At that time, msnbc.com was renamed NBCNews.com; the MSNBC channel is now found at tv.msnbc.com. MSNBC will again have “online platforms and mobile platforms to call its very own” under the MSBNC.com rubric, Mr. Naylor said, adding that a redesign of NBCnews.com is scheduled for the fourth quarter.

And in keeping with the theme of talking up “Today,” Mr. Naylor said the show’s Web site, today.com, would be “getting a fully functioning digital studio” of its own, to be housed at Studio 1A at 30 Rockefeller Center.

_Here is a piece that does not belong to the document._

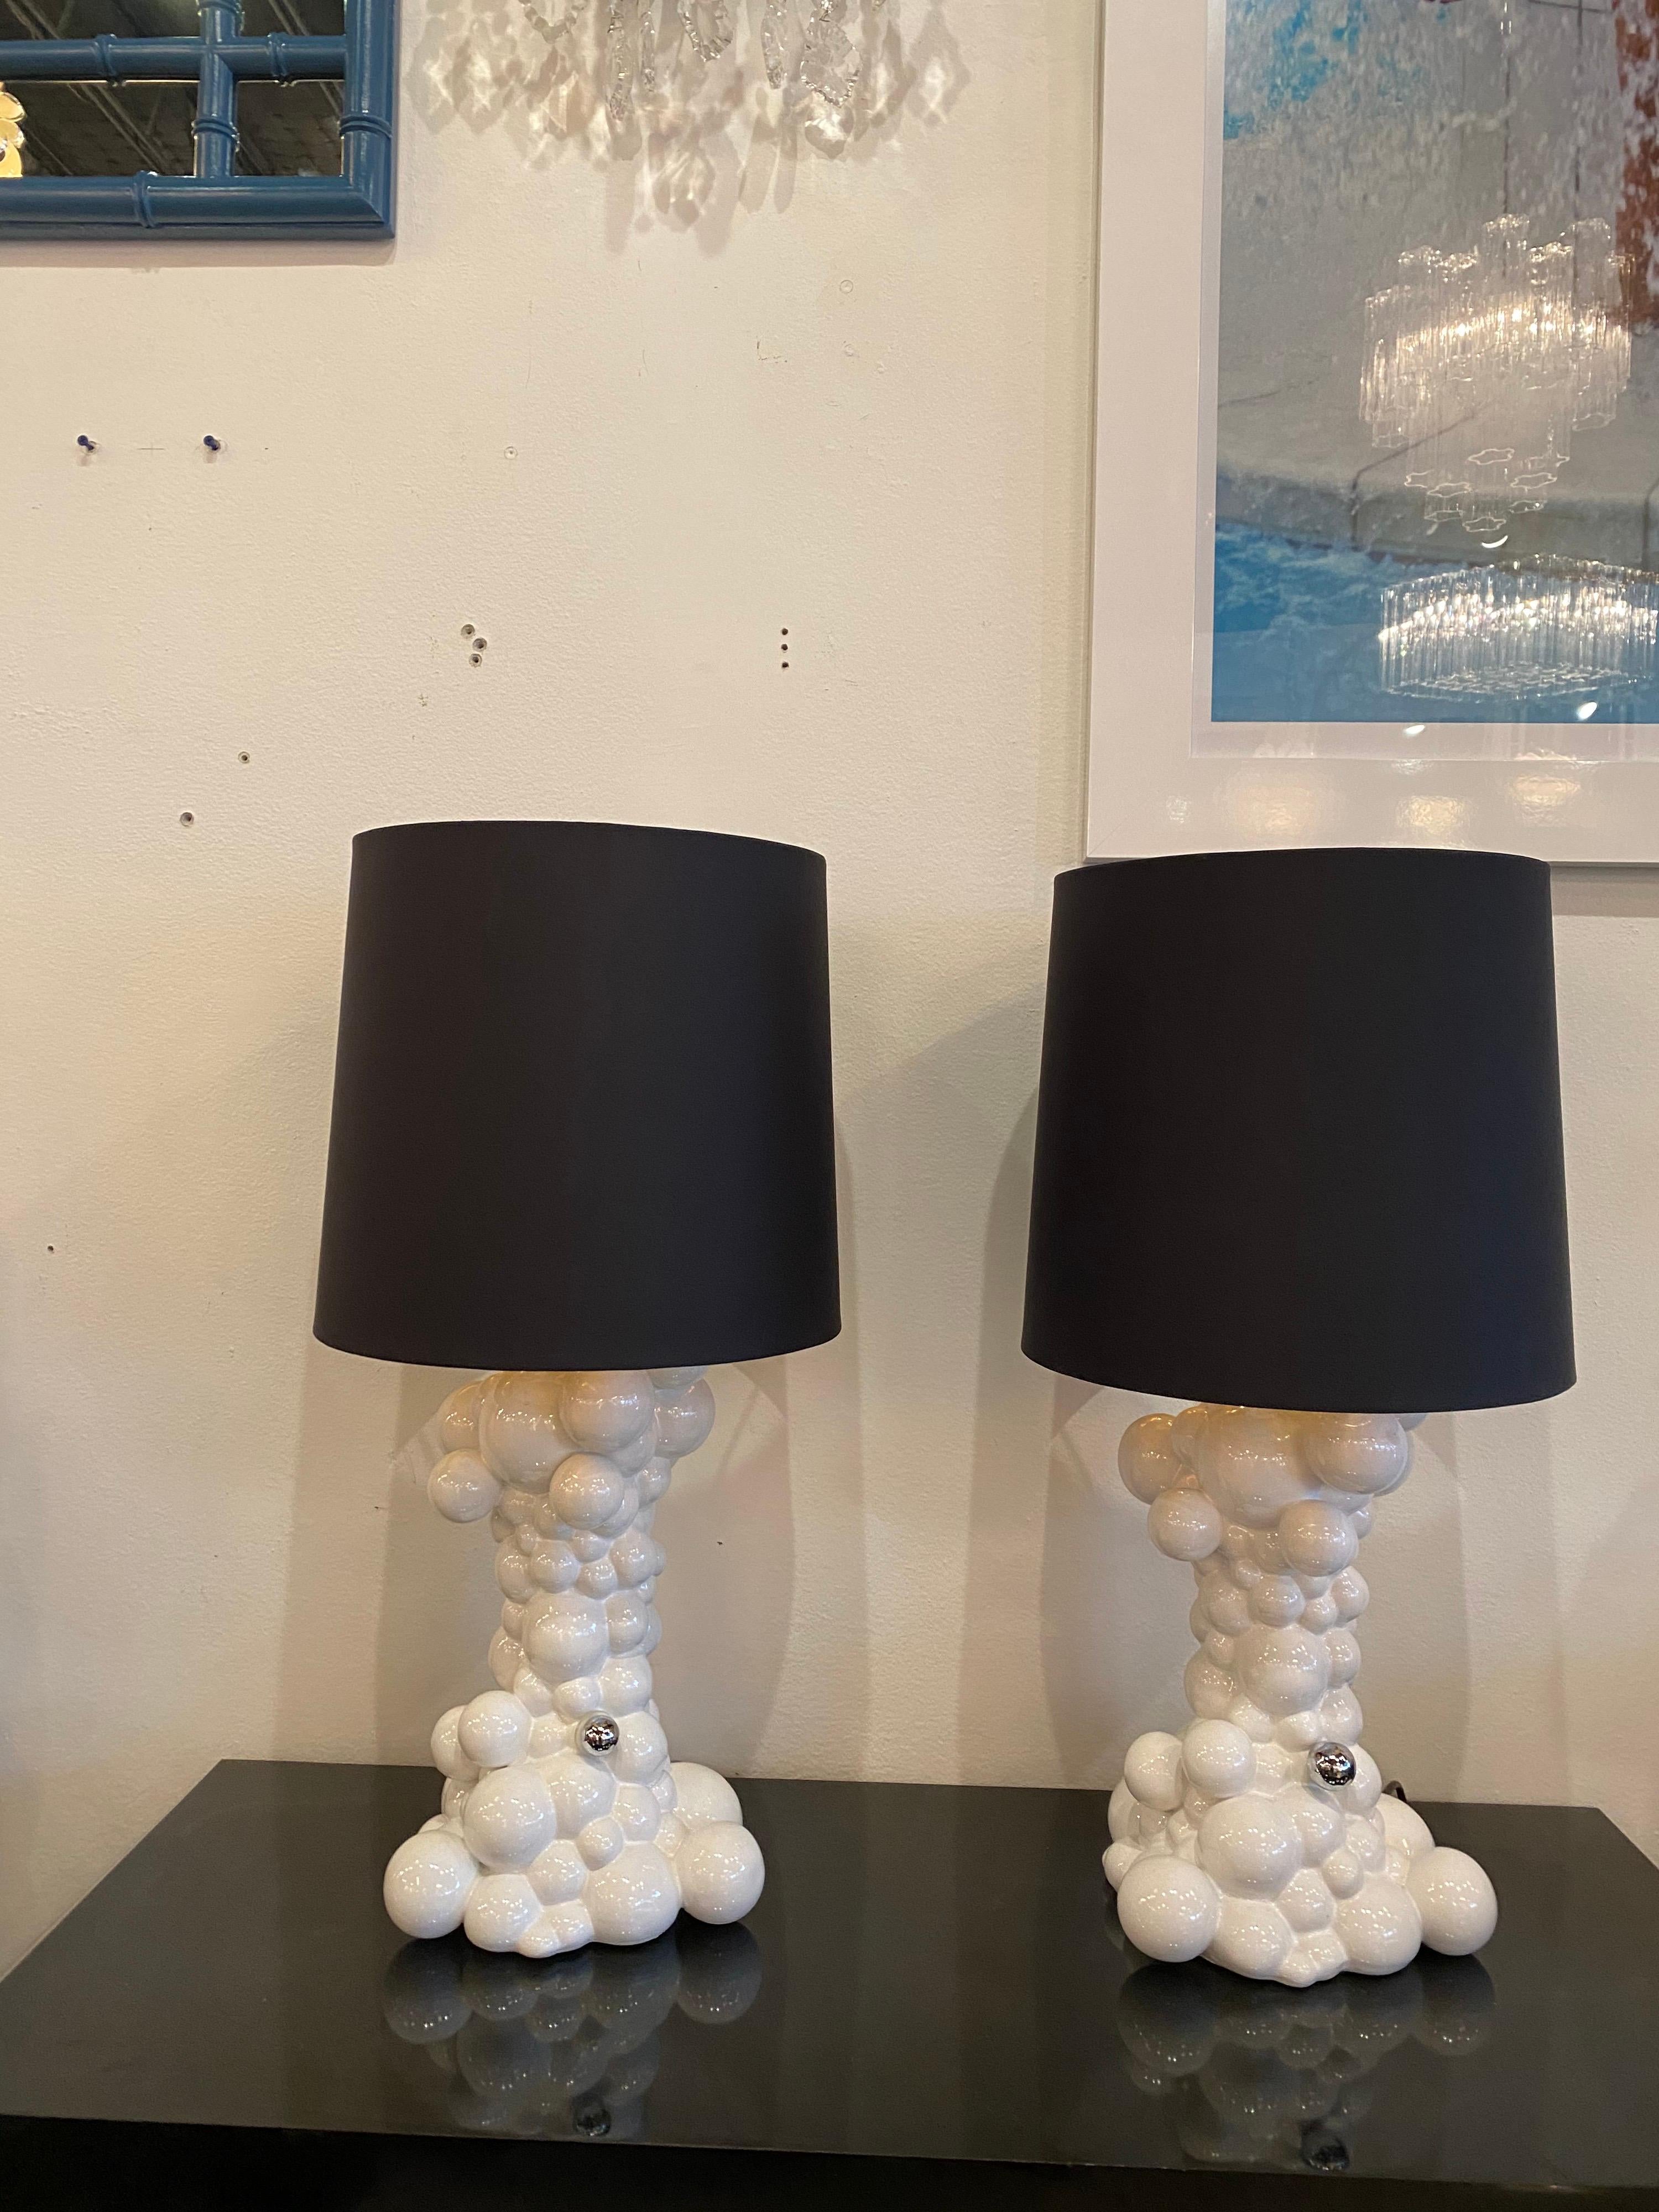 Pair of 21st century ceramic bubbles ball table lamps. The silver ball is a touch turn, 3 way.  No chips or breaks. Lamps measure 18

“Today” was also represented on stage at the presentation by Willie Geist, Kathie Lee Gifford, Hoda Kotb and Al Roker. (Lest there be speculation about the absence of the show’s news reader, Natalie Morales, Mr. Lauer told the audience she was in Vatican City, covering the papal election.)

A phalanx of other NBCUniversal News Group anchors and reporters attended, among them Maria Bartiromo, Mika Brzezinski, Jim Cramer, David Gregory, Tyler Mathisen, Chris Matthews, Lawrence O’Donnell, Rebecca Quick, Carl Quintanilla, Joe Scarborough, Andrew Ross Sorkin (who also works for The New York Times), Alex Wagner and Brian Williams.

The NBCUniversal News Group presentation was the most recent entry on a lengthy list of upfront presentations — so named because they take place ahead of the coming fall television season — for 2013-14. Many presentations are taking place earlier than usual as networks and channels pull forward their annual efforts to draw ad dollars.